- Argo Point Location within Antarctica

Highest point
- Elevation: 360 m (1,180 ft)
- Coordinates: 66°15′S 60°55′W﻿ / ﻿66.25°S 60.92°W

Geography
- Location: Jason Peninsula, Antarctica
- Parent range: Seal Nunataks

Geology
- Mountain type: Volcanic vent

= Argo Point (scoria cone) =

Argo Point is a scoria cone in Jason Peninsula, Antarctica, at a height of 360 m above sea level. Associated with the Seal Nunataks, the cone has a diameter of 300 m and its snow-filled crater has a gap on its northern side. The cone is constructed on a formation of lava and scoria over 175 m thick, which may lie on Jurassic rocks.

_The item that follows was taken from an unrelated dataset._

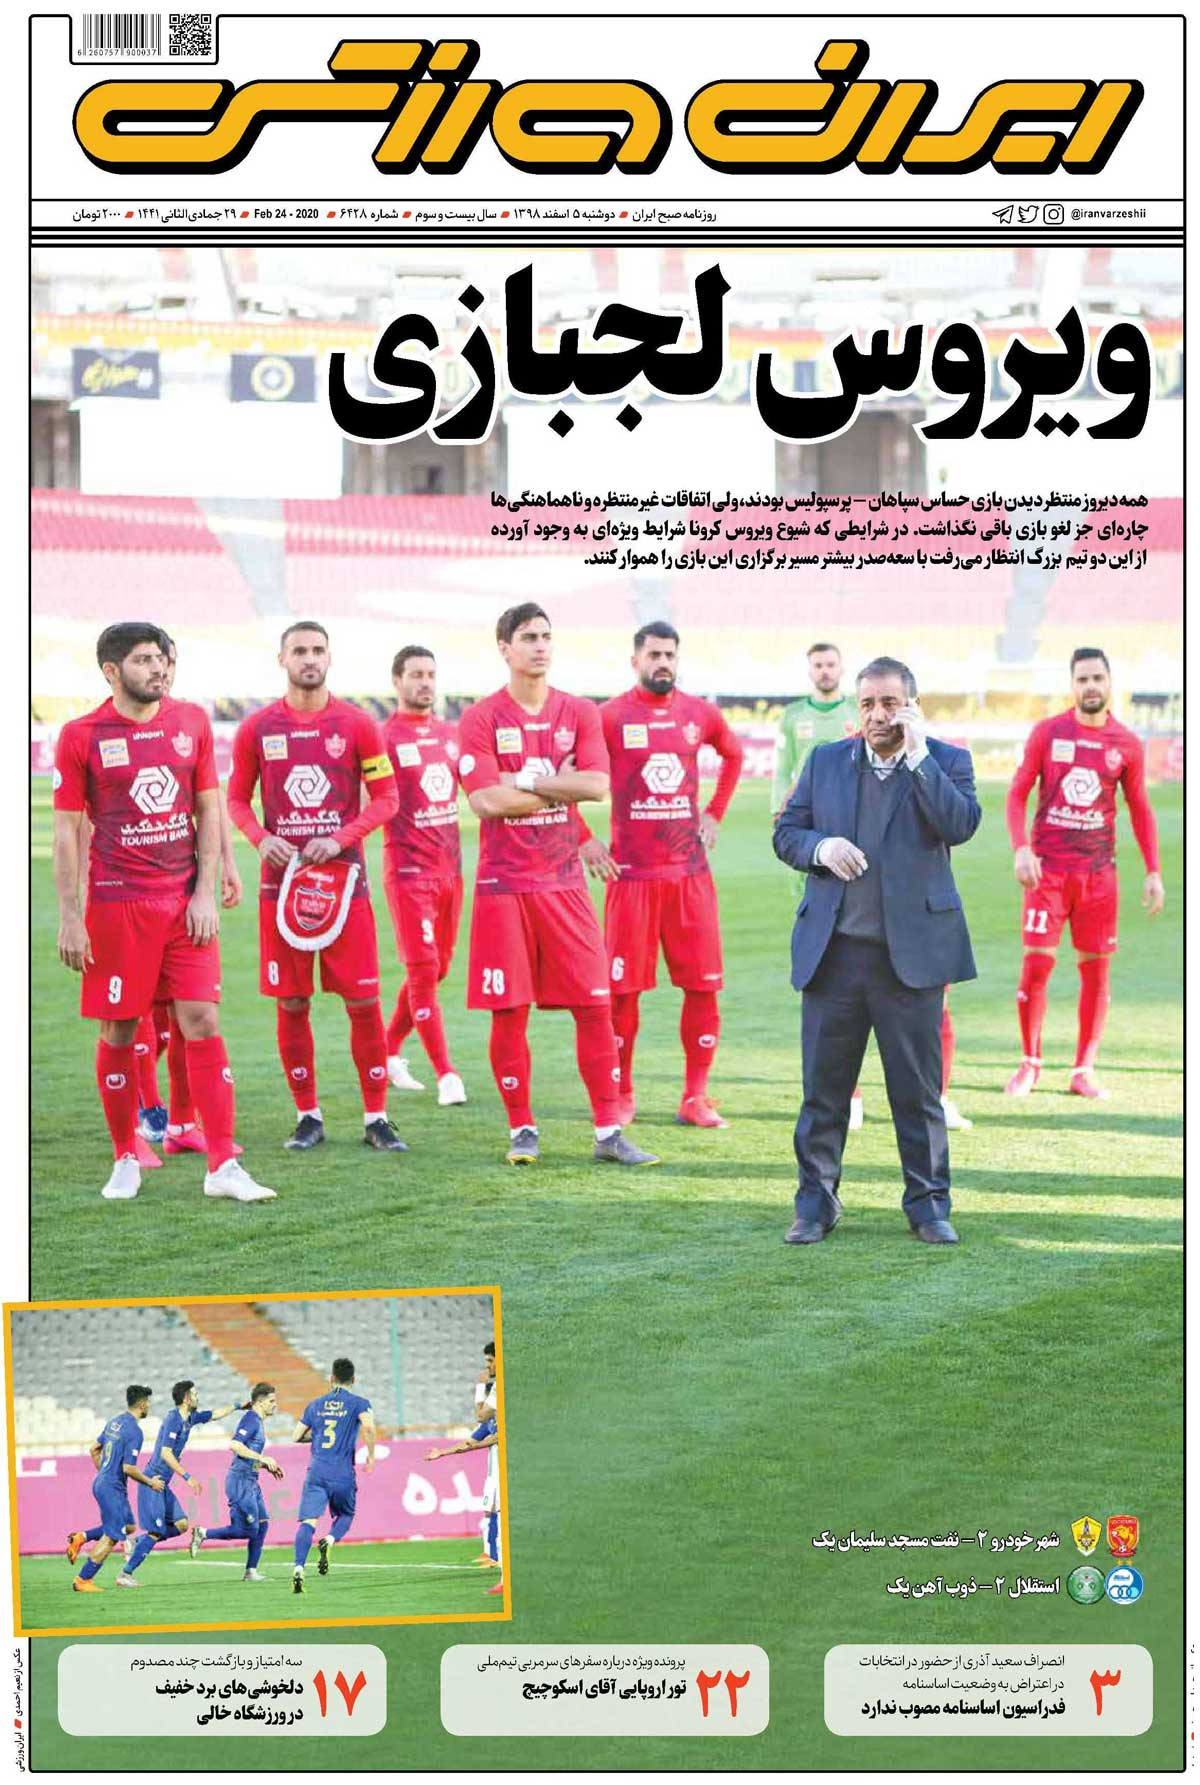 صفحه اول روزنامه ایرانورزشی دوشنبه ۵ اسفند ۹۸

Glaciers or wind have eroded debris from the cone, forming a "tail" several kilometres long on the ice.

Potassium-argon dating has indicated ages of 1.4-0.9 mya, and the volcano formed in the absence of ice. The cone is constructed from basalt and hawaiite including lava bombs in its sides. Argo Point is related to Seal Nunataks and James Ross Island, and like these its rocks are ocean island basalts. This volcanism may be the consequence of back-arc effects of subduction along the South Shetland trench.